Segment Open

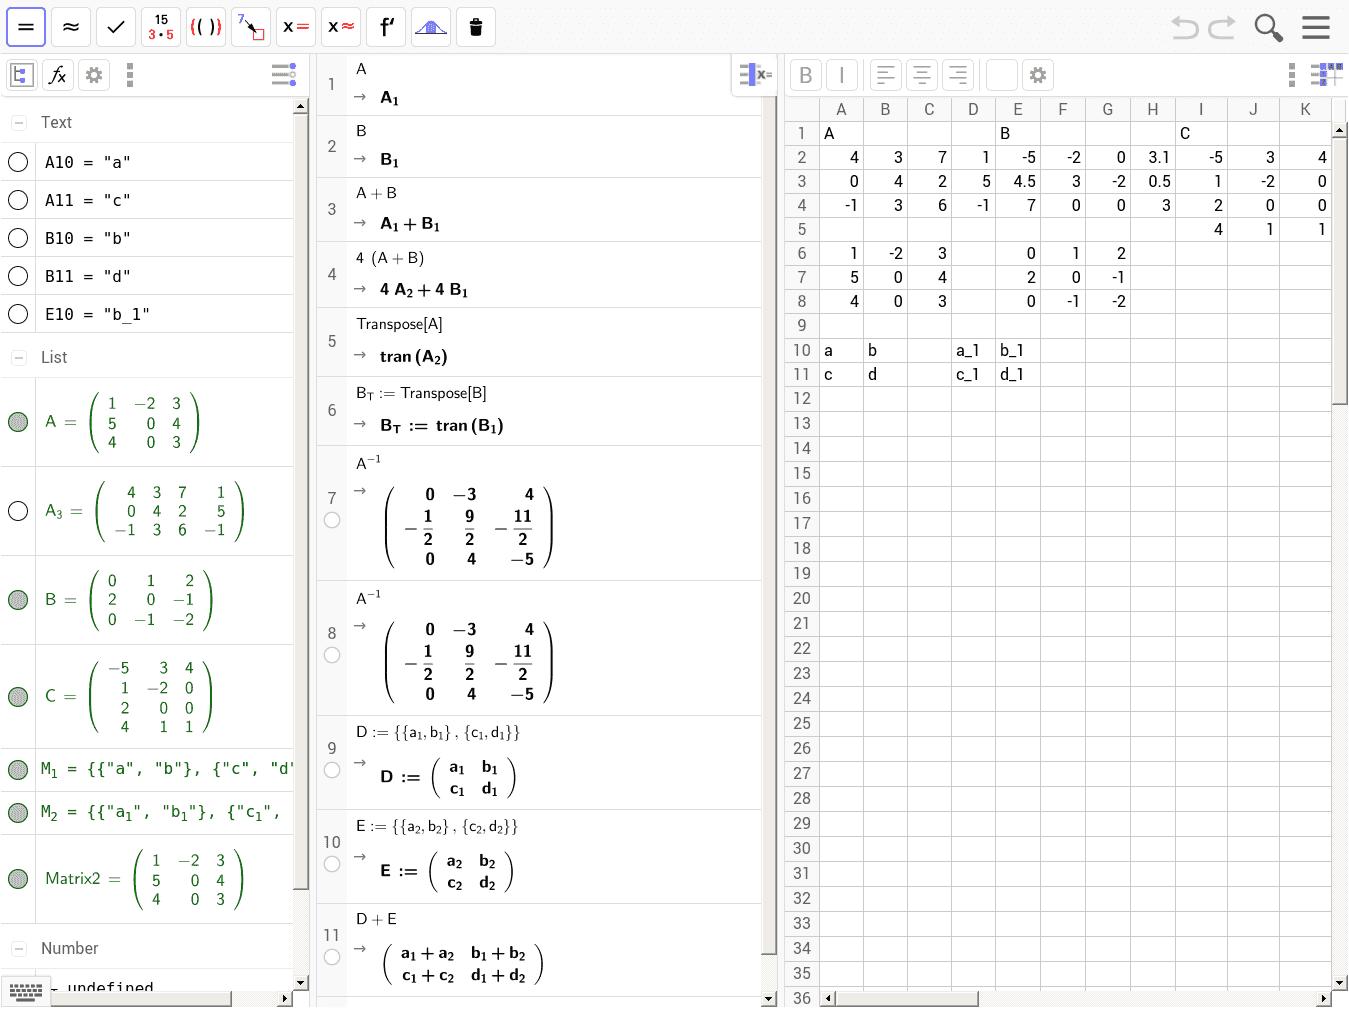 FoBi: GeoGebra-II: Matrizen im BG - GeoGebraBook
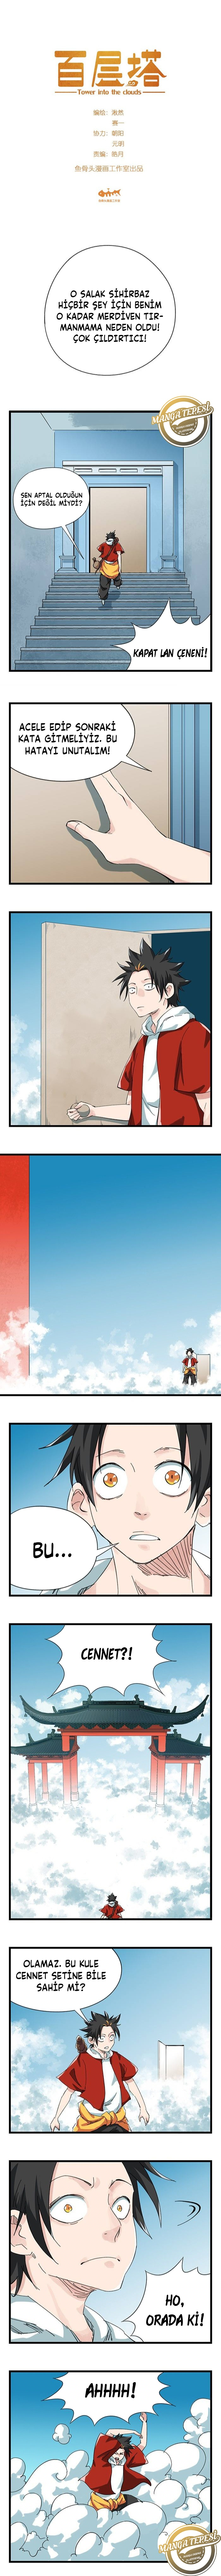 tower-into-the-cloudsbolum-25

Segment Closed
Segment Open

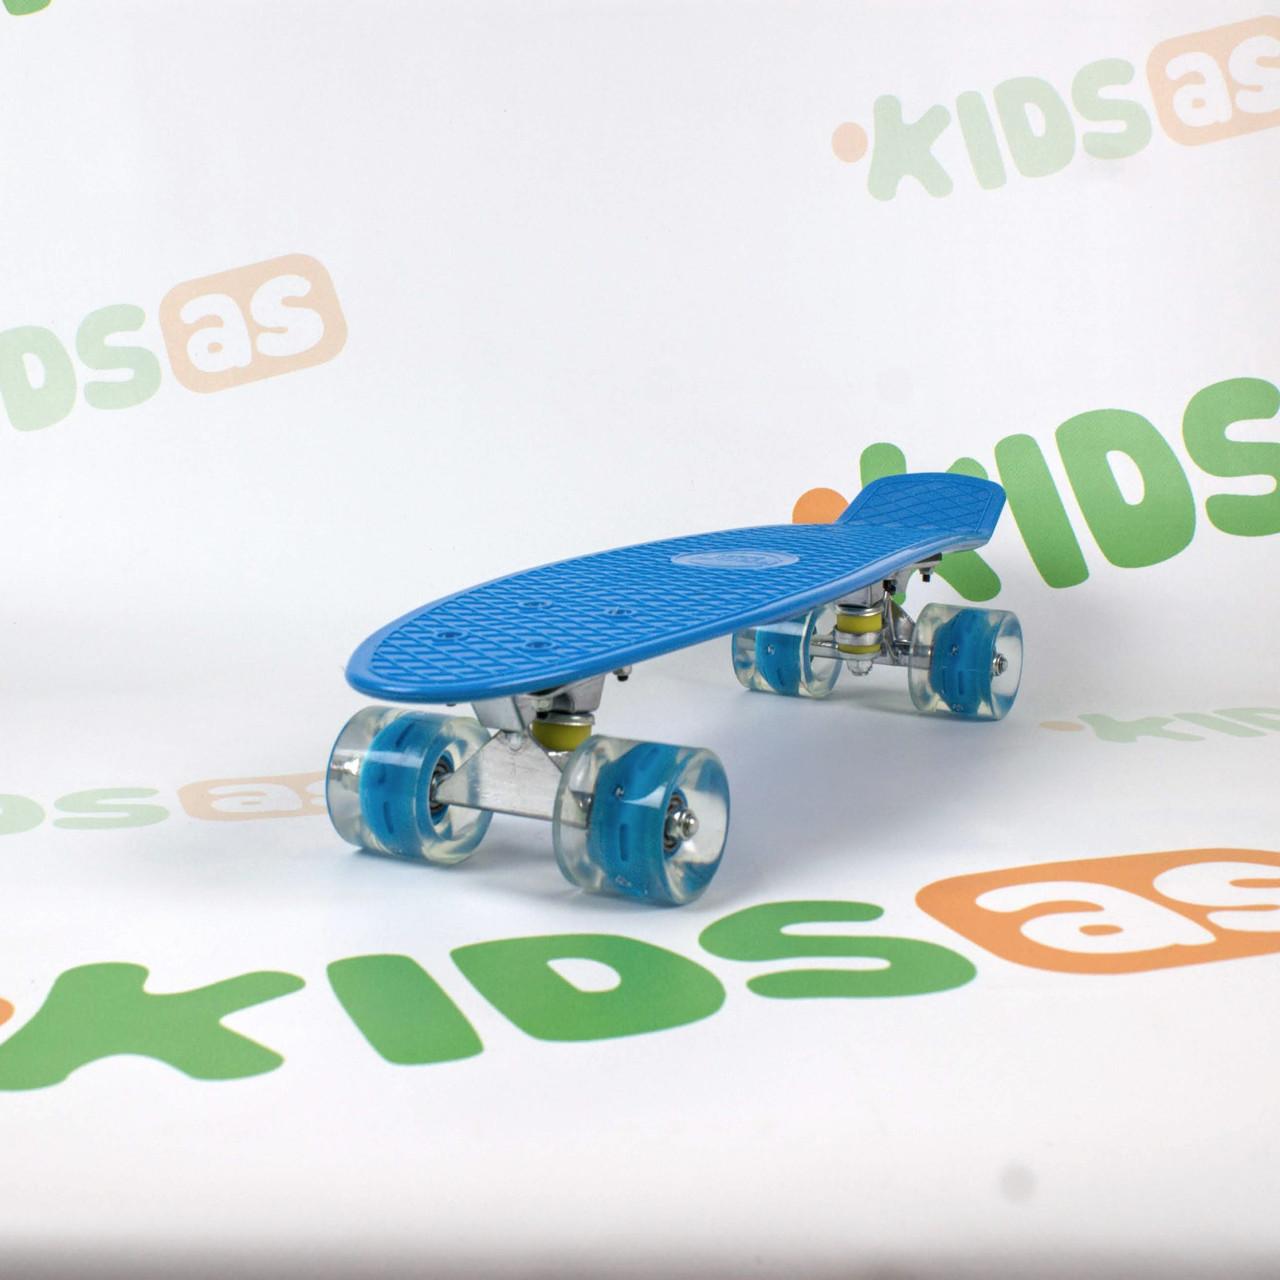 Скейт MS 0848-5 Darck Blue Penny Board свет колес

Segment Closed

▶ TRY IT
Return only the stretch above from the line containing "FoBi: GeoGebra-II: Matrizen" through the line containing "tower-into-the-cloudsbolum-25", word for word and without pictures.

▶ EXERCISE ANSWER
 FoBi: GeoGebra-II: Matrizen im BG - GeoGebraBook
 tower-into-the-cloudsbolum-25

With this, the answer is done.